上篇讲了下mycat是如何启动服务、如何接受前端请求,这篇主要来看下遇到跨数据结点时需要做哪些事情,并且,如何把数据返回前端。
另外提一句,发现csdn对于图片处理不是很好,时序图都有点小了,需要手动放大才能查看。
在 io.mycat.server.ServerConnection 的execute方法中会先进行数据库路由并SQL执行的方法,RouteResultset rrs为路由结果
public void routeEndExecuteSQL(String sql, int type, SchemaConfig schema) {
// 路由计算
RouteResultset rrs = null;
try {
rrs = MycatServer
.getInstance()
.getRouterservice()
.route(MycatServer.getInstance().getConfig().getSystem(),
schema, type, sql, this.charset, this);
} catch (Exception e) {
StringBuilder s = new StringBuilder();
LOGGER.warn(s.append(this).append(sql).toString() + " err:" + e.toString(),e);
String msg = e.getMessage();
writeErrMessage(ErrorCode.ER_PARSE_ERROR, msg == null ? e.getClass().getSimpleName() : msg);
return;
}
if (rrs != null) {
// session执行
session.execute(rrs, type);
}
}
上面代码中的session,为每个前后端的链接会话io.mycat.server.NonBlockingSession,有以下成员变量
private final ServerConnection source;
private final ConcurrentHashMap<RouteResultsetNode, BackendConnection> target; //算是后端数据库链接缓存吧
// life-cycle: each sql execution
private volatile SingleNodeHandler singleNodeHandler;
private volatile MultiNodeQueryHandler multiNodeHandler;
private volatile RollbackNodeHandler rollbackHandler;
private final MultiNodeCoordinator multiNodeCoordinator;
private final CommitNodeHandler commitHandler;
private volatile String xaTXID;
session.execute()是个重要的方法,直接区分了两种路——单结点模式和多结点模式
@Override
public void execute(RouteResultset rrs, int type) {
// clear prev execute resources
clearHandlesResources();
if (LOGGER.isDebugEnabled()) {
StringBuilder s = new StringBuilder();
LOGGER.debug(s.append(source).append(rrs).toString() + " rrs ");
}
// 检查路由结果是否为空
RouteResultsetNode[] nodes = rrs.getNodes();
if (nodes == null || nodes.length == 0 || nodes[0].getName() == null || nodes[0].getName().equals("")) {
source.writeErrMessage(ErrorCode.ER_NO_DB_ERROR,
"No dataNode found ,please check tables defined in schema:" + source.getSchema());
return;
}
if (nodes.length == 1) {
singleNodeHandler = new SingleNodeHandler(rrs, this);
if( this.isPrepared() ) {
singleNodeHandler.setPrepared(true);
}
try {
singleNodeHandler.execute();
} catch (Exception e) {
LOGGER.warn(new StringBuilder().append(source).append(rrs).toString(), e);
source.writeErrMessage(ErrorCode.ERR_HANDLE_DATA, e.toString());
}
} else {
boolean autocommit = source.isAutocommit();
multiNodeHandler = new MultiNodeQueryHandler(type, rrs, autocommit, this);
if(this.isPrepared()) {
multiNodeHandler.setPrepared(true);
}
try {
multiNodeHandler.execute();
} catch (Exception e) {
LOGGER.warn(new StringBuilder().append(source).append(rrs).toString(), e);
source.writeErrMessage(ErrorCode.ERR_HANDLE_DATA, e.toString());
}
}
if(this.isPrepared()) {
this.setPrepared(false);
}
}
单结点模式下 SingleNodeHandler 指定回调方法并调用后调mysqlConnection的execute方法。

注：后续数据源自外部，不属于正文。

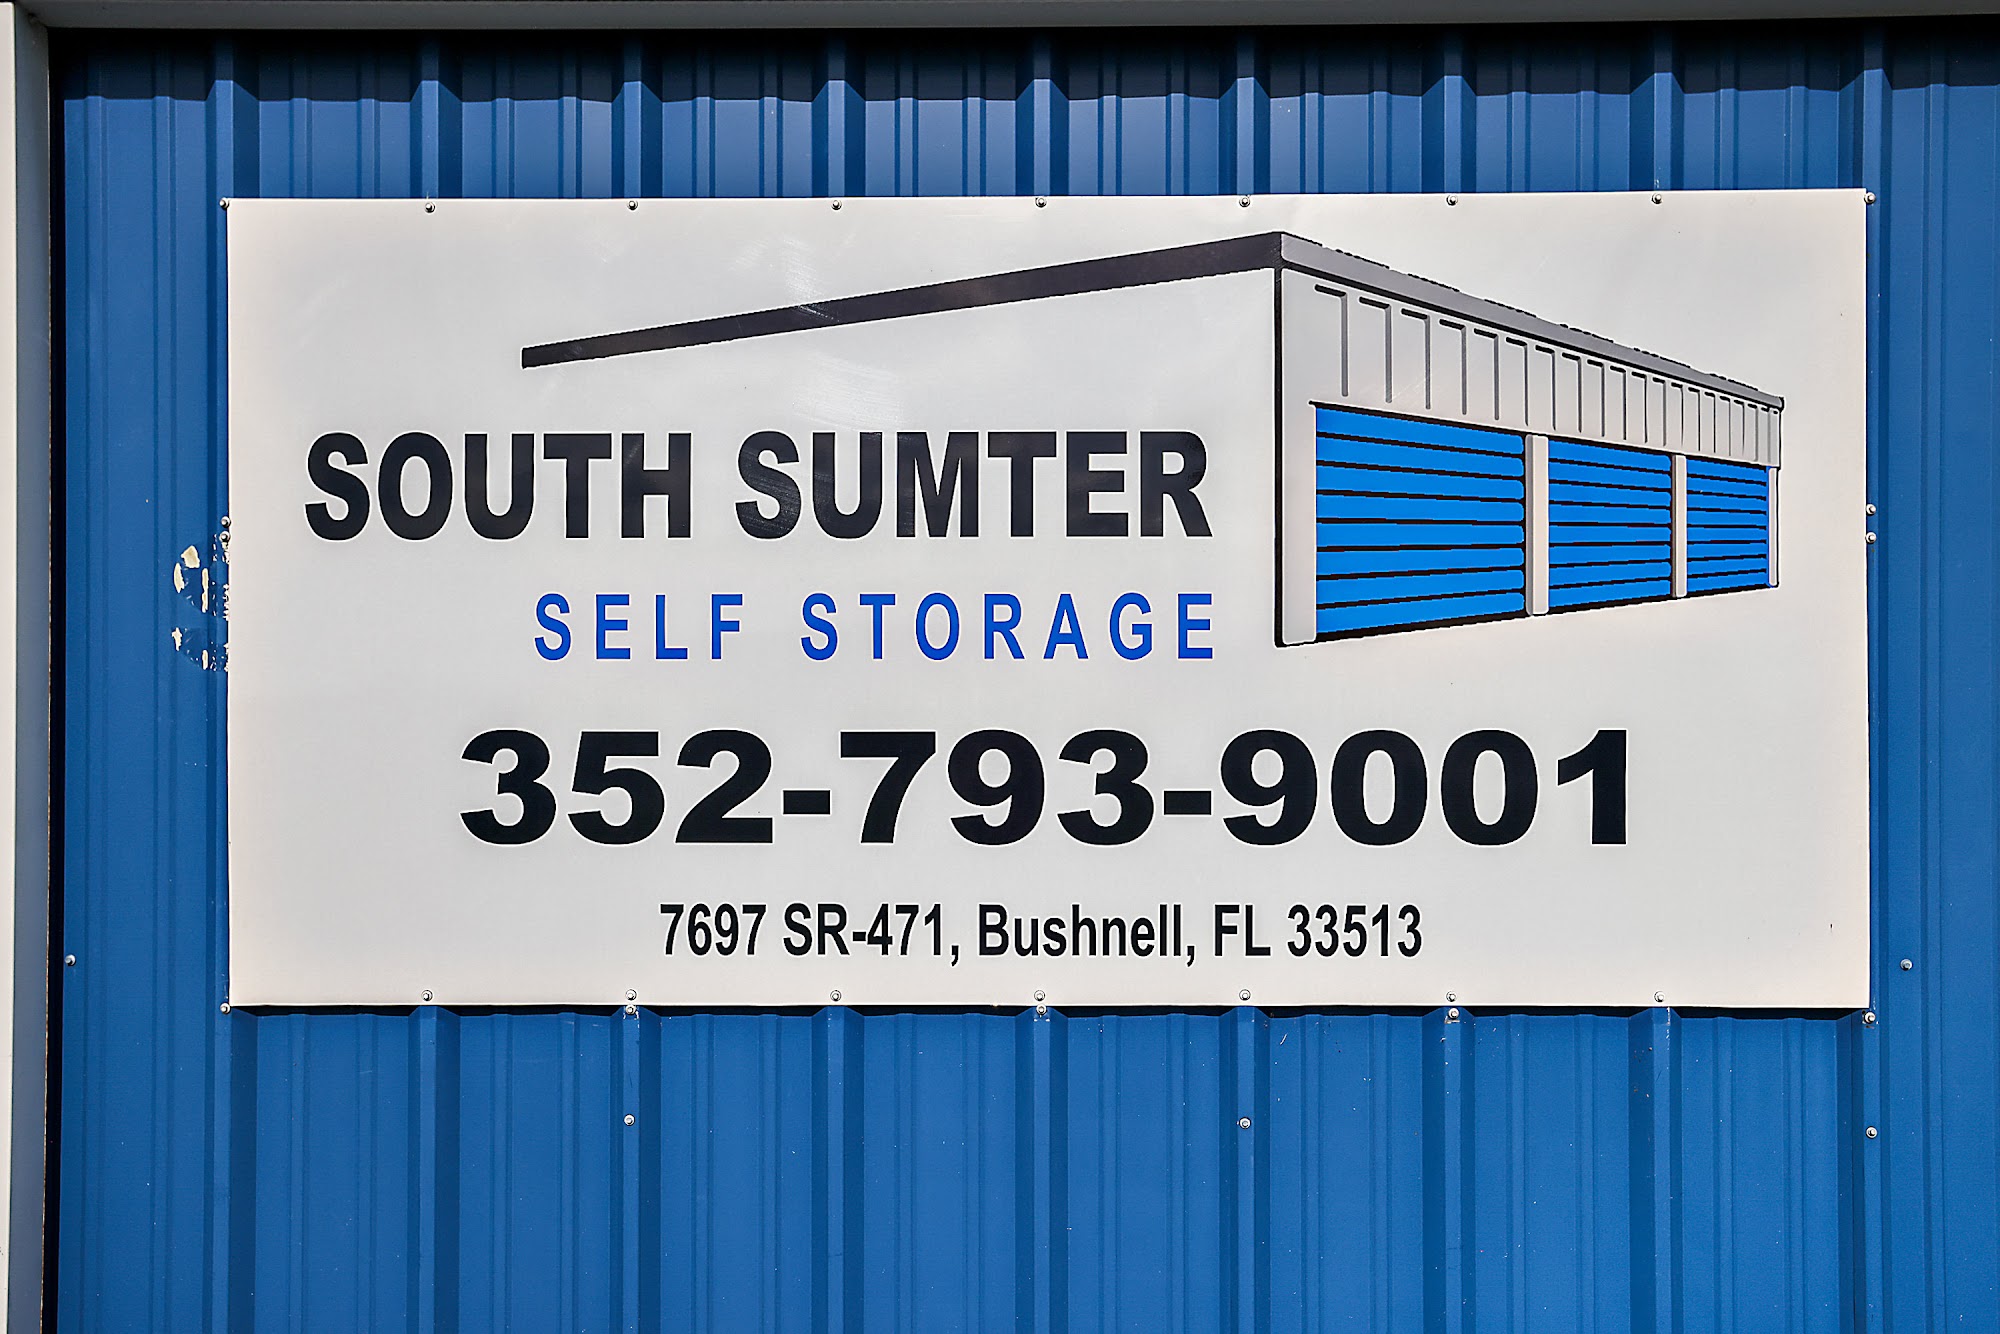 South Sumter Self Storage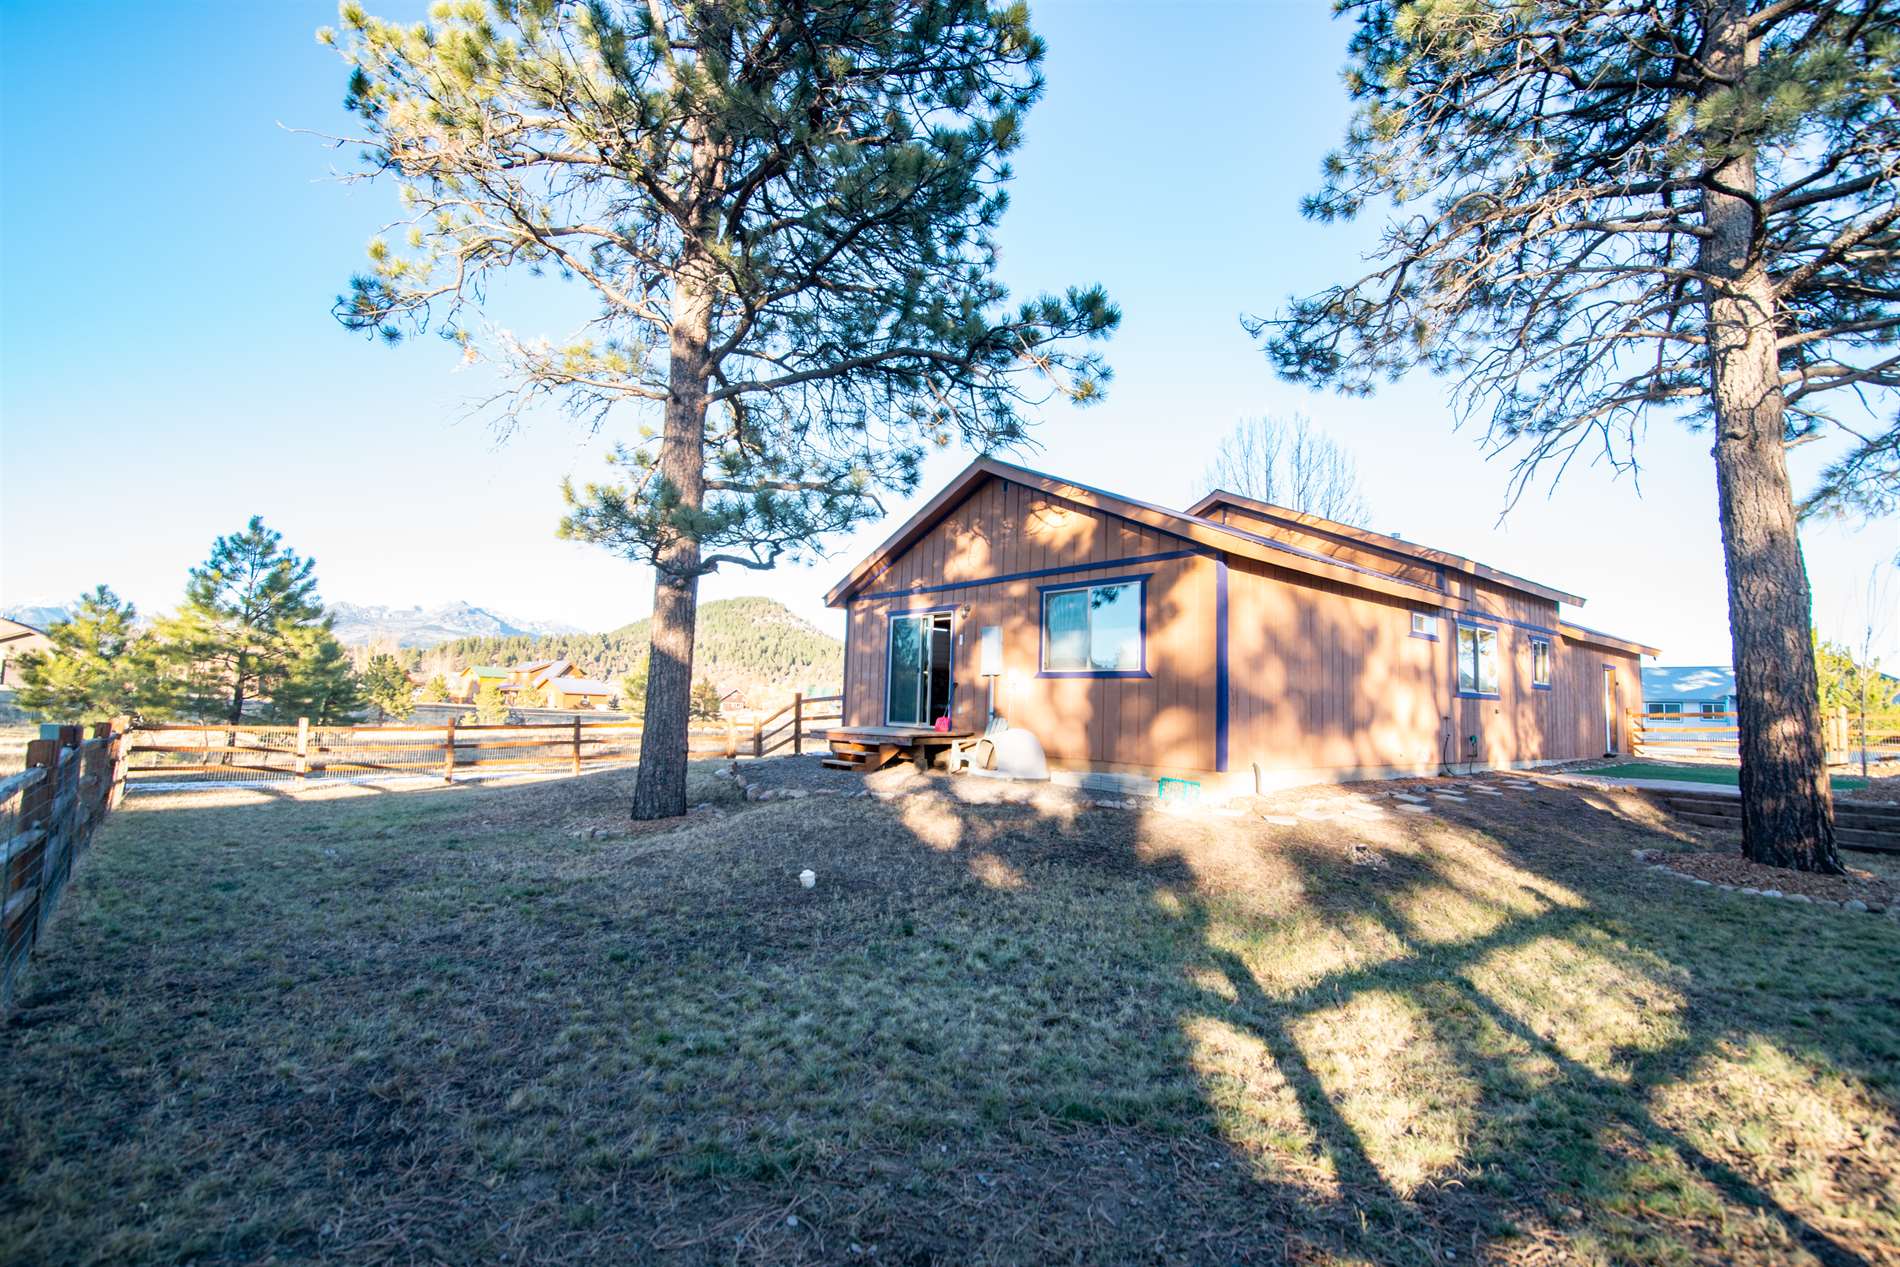 Mountain View Villa, #455 Saturn - ST, Pagosa Springs, CO 81147

private void _execute(BackendConnection conn) {
if (session.closed()) {
endRunning();
session.clearResources(true);
return;
}
conn.setResponseHandler(this);
try {
conn.execute(node, session.getSource(), session.getSource()
.isAutocommit());
} catch (Exception e1) {
executeException(conn, e1);
return;
}
}
io.mycat.backend.mysql.nio.MySQLConnection 的同步执行方法中根据mysql内部通过协议规则生成出最后需要执行的语句并在sendQueryCmd方法中调用
private void synAndDoExecute(String xaTxID, RouteResultsetNode rrn,
int clientCharSetIndex, int clientTxIsoLation,
boolean clientAutoCommit) {
String xaCmd = null;
boolean conAutoComit = this.autocommit;
String conSchema = this.schema;
// never executed modify sql,so auto commit
boolean expectAutocommit = !modifiedSQLExecuted || isFromSlaveDB()
|| clientAutoCommit;
if (expectAutocommit == false && xaTxID != null && xaStatus == 0) {
clientTxIsoLation = Isolations.SERIALIZABLE;
xaCmd = "XA START " + xaTxID + ';';
}
int schemaSyn = conSchema.equals(oldSchema) ? 0 : 1;
int charsetSyn = 0;
if (this.charsetIndex != clientCharSetIndex) {
//need to syn the charset of connection.
//set current connection charset to client charset.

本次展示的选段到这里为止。